* EXERCISE DETAILS: Retype nothing except the lines below from the one with "LA SCONOSCIUTA (2006)" through the one with "Glossy Display CN Italic", exactly, with images left out.

* INPUT:
++++++++++++++++++++

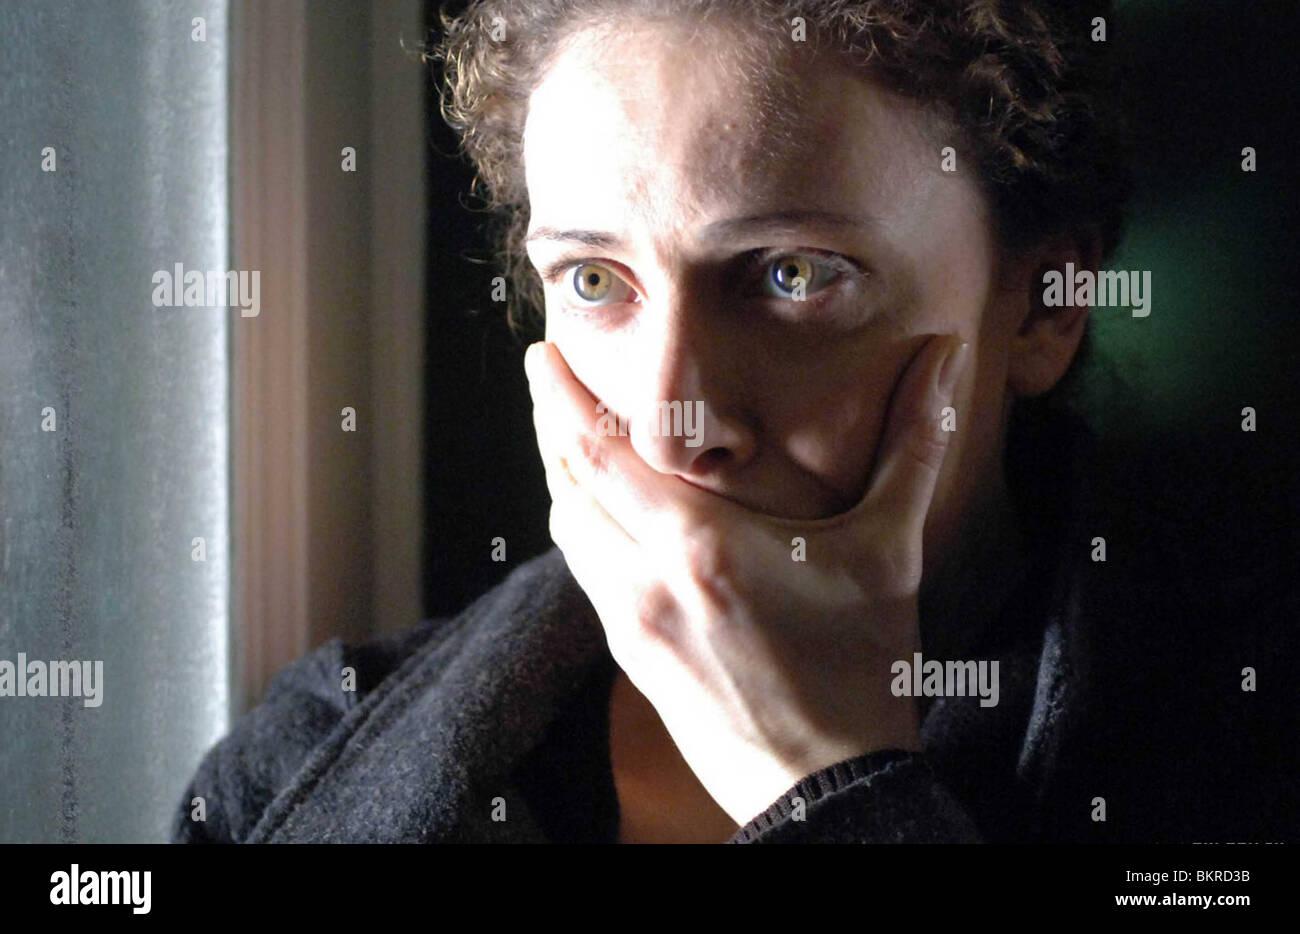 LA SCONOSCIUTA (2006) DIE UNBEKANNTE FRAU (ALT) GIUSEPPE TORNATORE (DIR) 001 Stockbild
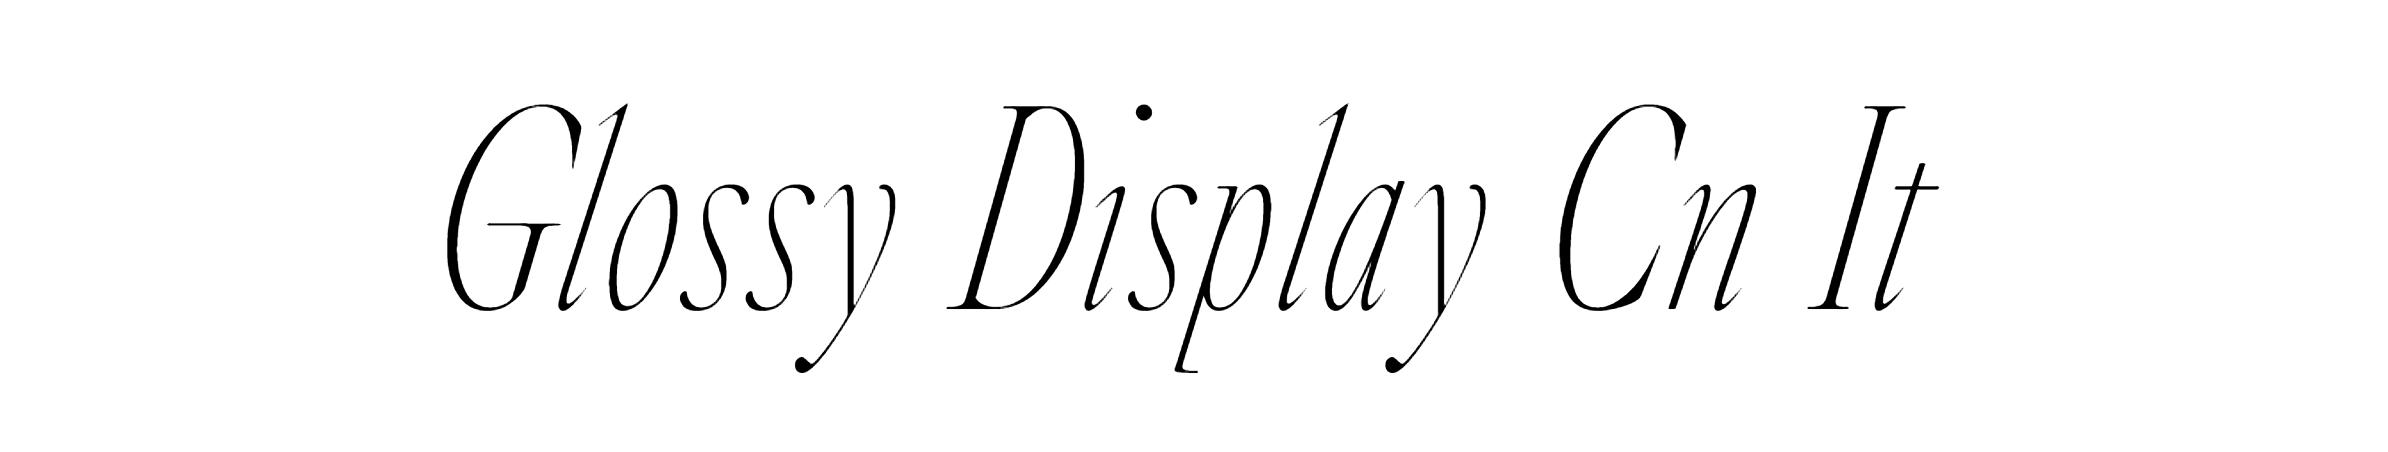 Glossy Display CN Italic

++++++++++++++++++++

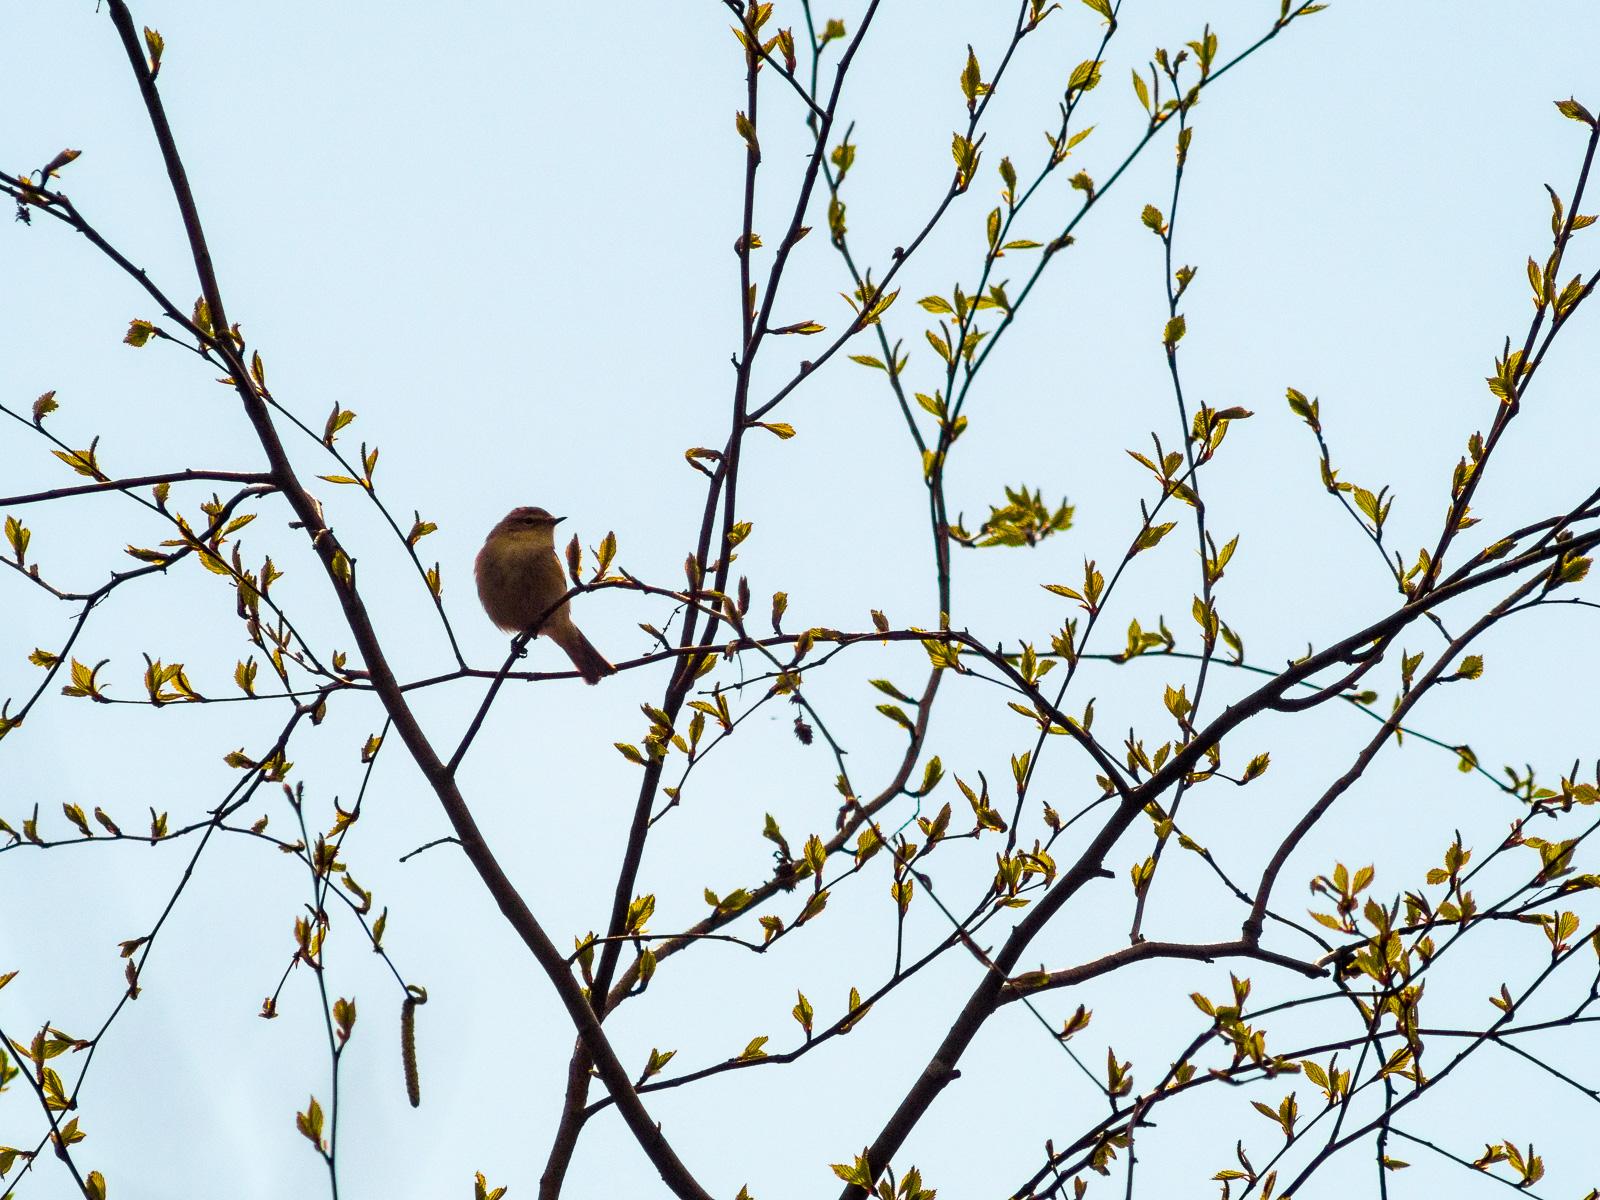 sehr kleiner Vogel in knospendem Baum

++++++++++++++++++++

* SOLUTION:
 LA SCONOSCIUTA (2006) DIE UNBEKANNTE FRAU (ALT) GIUSEPPE TORNATORE (DIR) 001 Stockbild
 Glossy Display CN Italic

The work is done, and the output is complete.